Right. I know. I said I finished it. I felt good about finishing it.
So why is it that the little things I changed keep rummaging around in my head and whisper more little details to me? That’s not finished, that’s a work in progress.
Sometimes it’s hard to tell the difference. How do you know, definitively, that you are done? I’m struggling at the moment, but I will manage.
I’m moving on to the next draft, but I hope the susurrus moves to silence. After I fix that just. one. more. thing… After that, I also need to make that definite decision of what I’m doing next. I refuse to allow myself more than a week or two before making the next move. Only one manuscript will languish away in the drawer of death for five years. NO MORE!
This saying has been credited to many authors and I can’t find the original. I do believe it’s true, though.
The newest member of my writing group stated she had a story she had been writing in her head, and alarms went off in my head. How can she think she’s writing if it hasn’t left her head?
Perhaps it’s fortunate I curbed my tongue. I did want her to come back. She seems like a good addition to the group.
However, I am wary of those who think they can create stories – which are made for sharing – without writing them down. A first draft is usually crap. It’s allowed to be crap. Perhaps even supposed to be crap.
That’s why re-writing and editing exist – to cure the first draft into something wonderful.
I know some first drafts are pretty amazing. I have a friend who puts my first drafts to shame. It’s not a mark of a good writer vs. a bad writer, just that our starting points are different. We both rework our manuscripts until they shine. At the end, we have styles that change our work and voices that speak to the reader. We hope they’re clear and emotionally moving.
Sometimes we succeed.
Other times we scrap a project as not worthy. It’s just part of the process. But if we’d never written a word, we’d never know.
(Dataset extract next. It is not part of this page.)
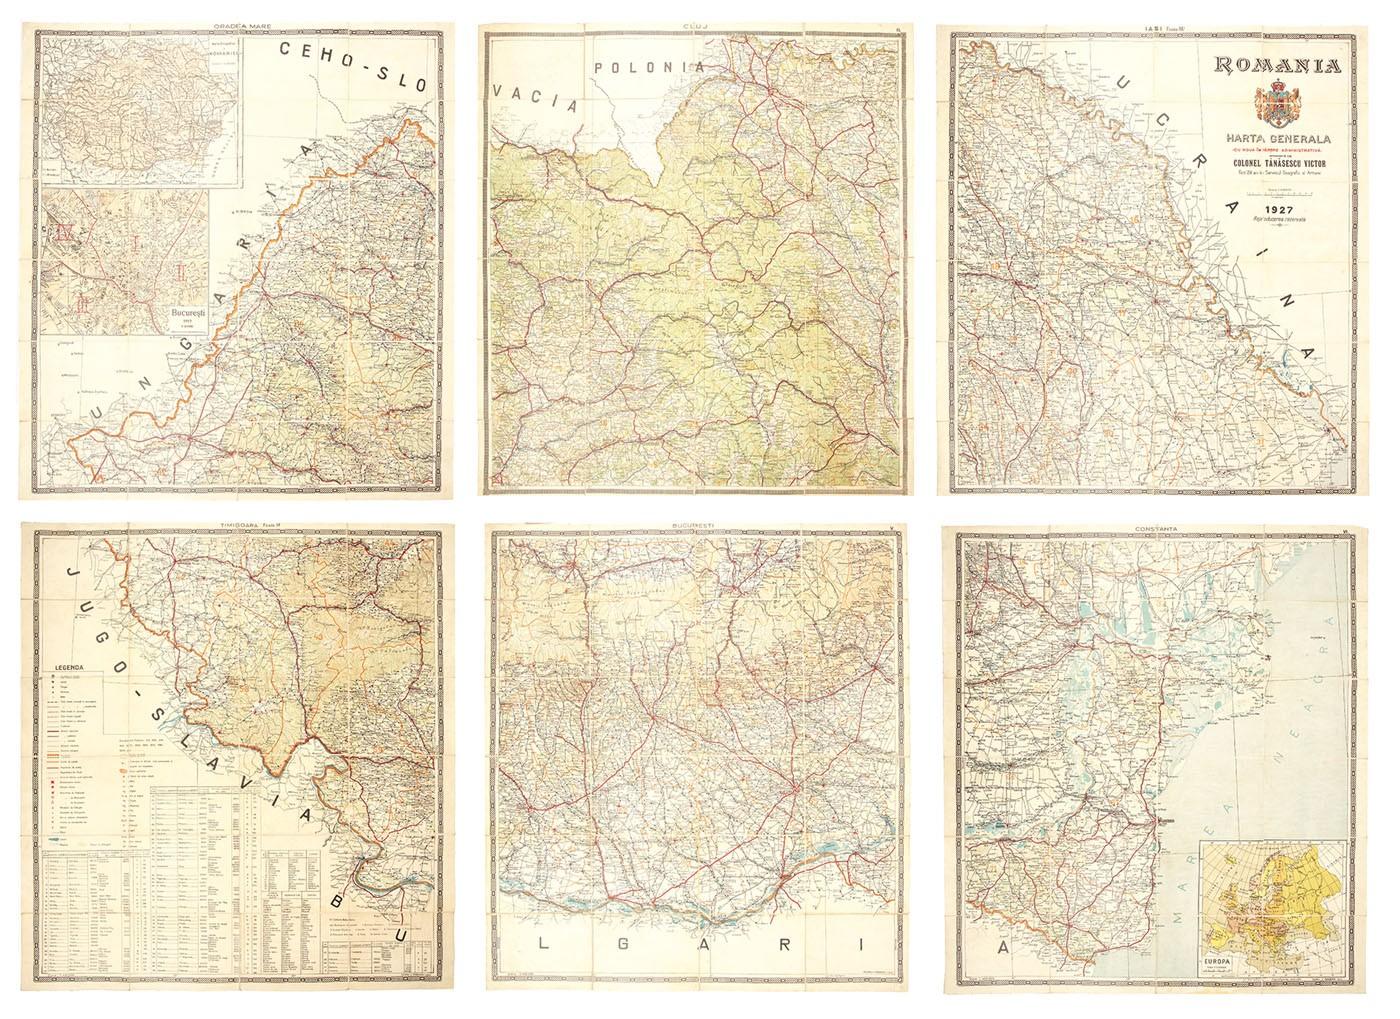 Harta Generală A Romaniei Cu Noua Impărțire Administrativă De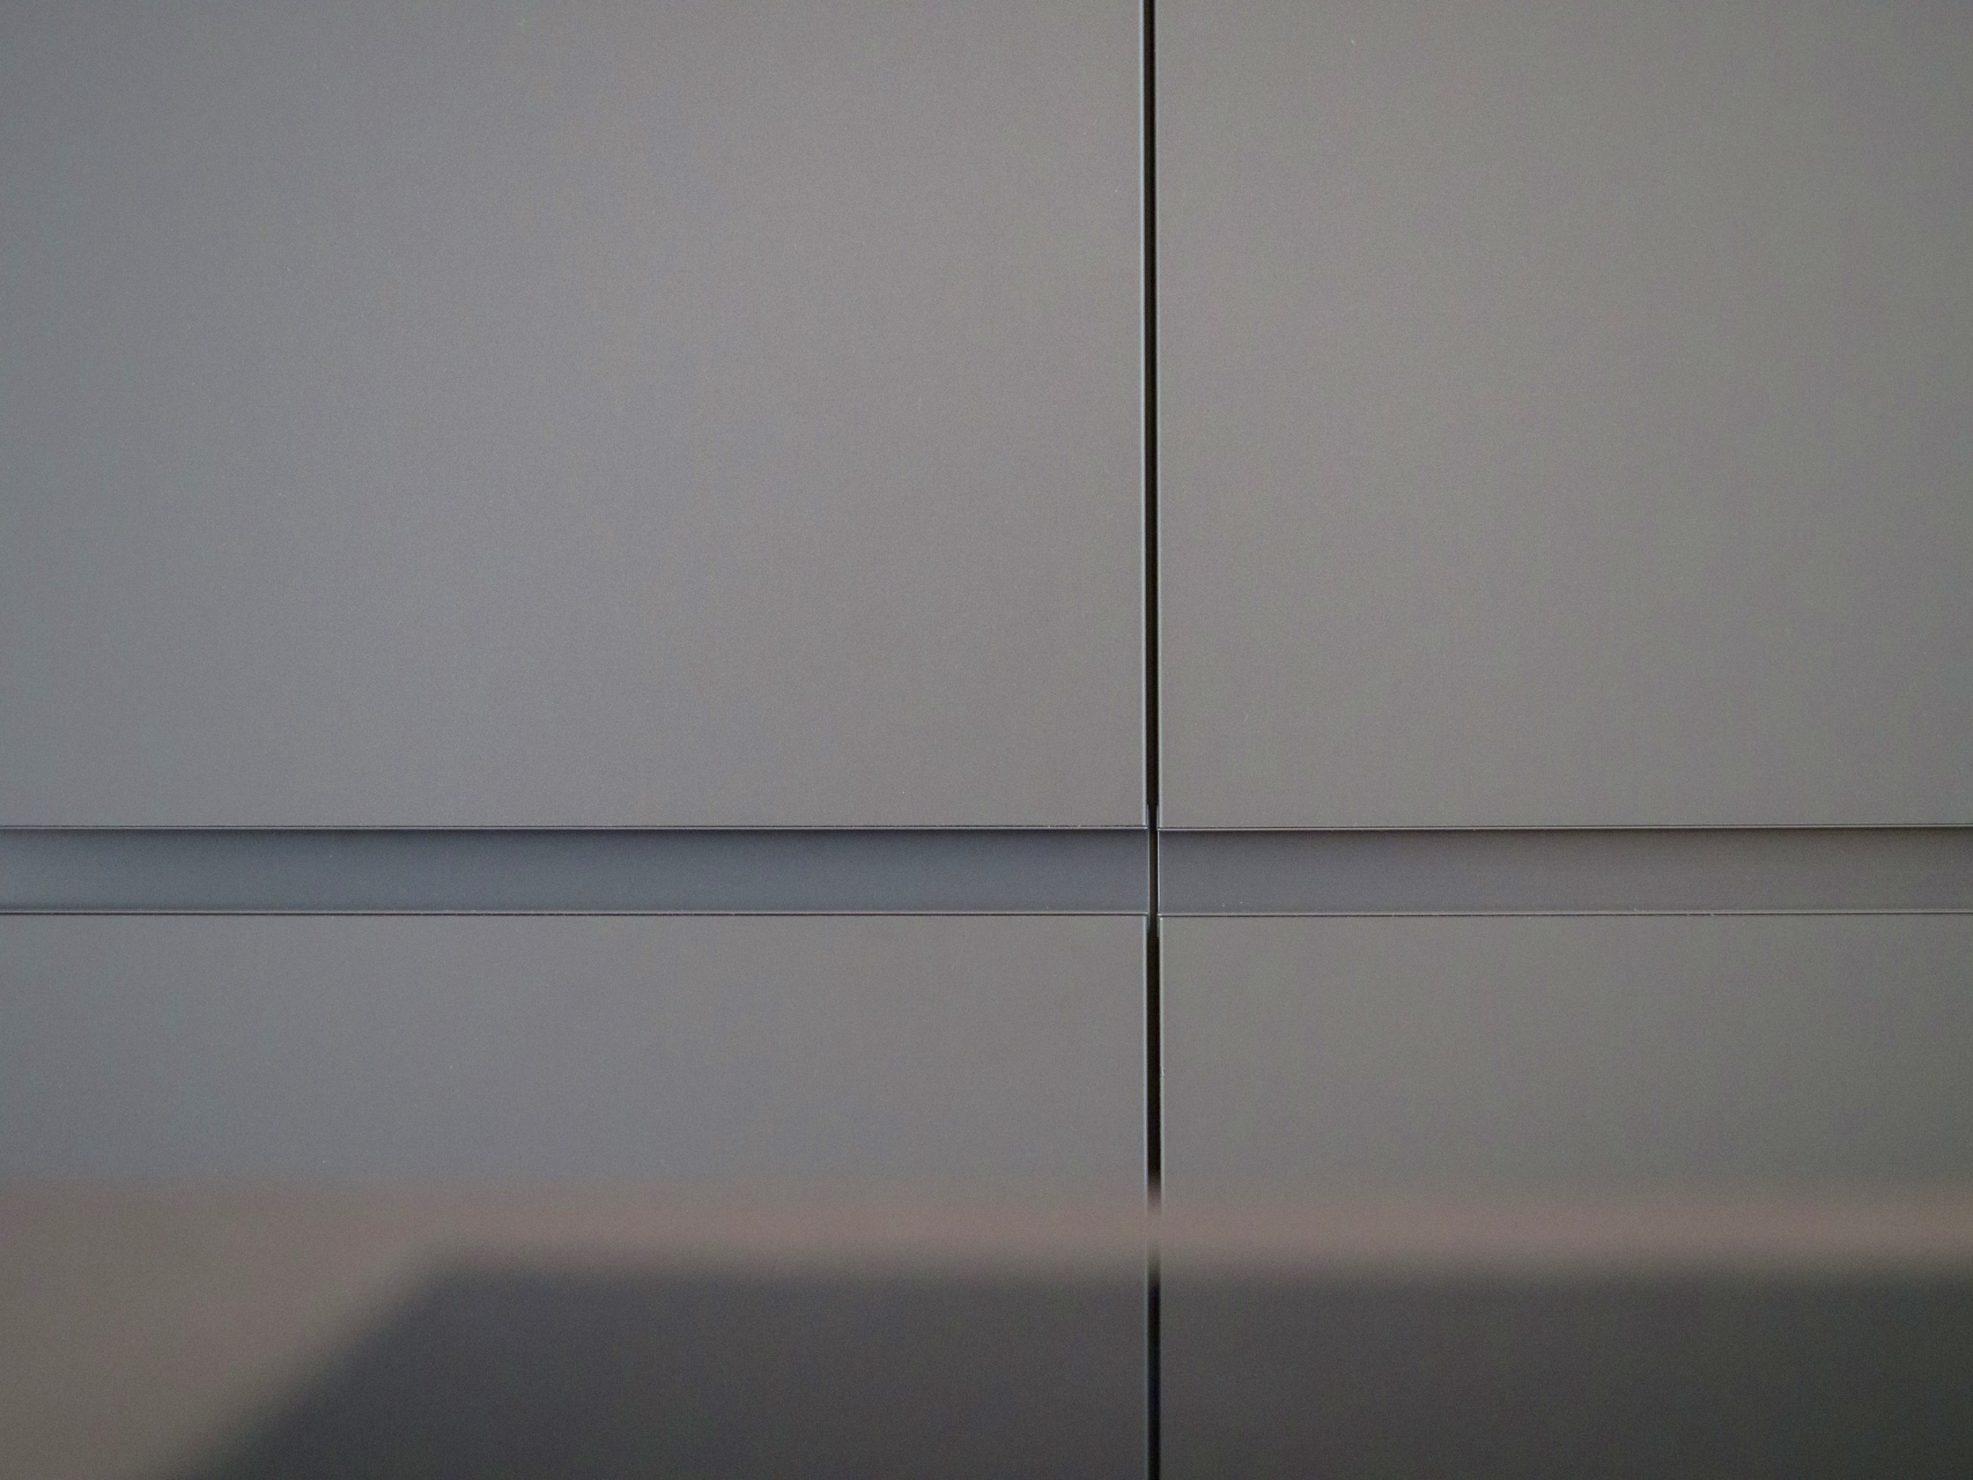 Offene Wohnkueche Carbongrau Grifflos Dekton Keramikarbeitsplatte Bora Kochfeld Miele Einbaugeraete Nischenrueckwand Gefertigt Schreinerei Eiche Parkett 5

And neither would those who read our work be able to share in the story we create.
Some of these sayings are popular for good reason. Imagine a plain white sheet of paper with red dots all over it. Meaningless without the (presumably) black text underneath. Because of this, I give myself permission to make bad first drafts. I just want the story to shine through, and it might take a few tries.
I haven’t failed until I quit trying, and I count it as forward progress as long as my pages aren’t blank.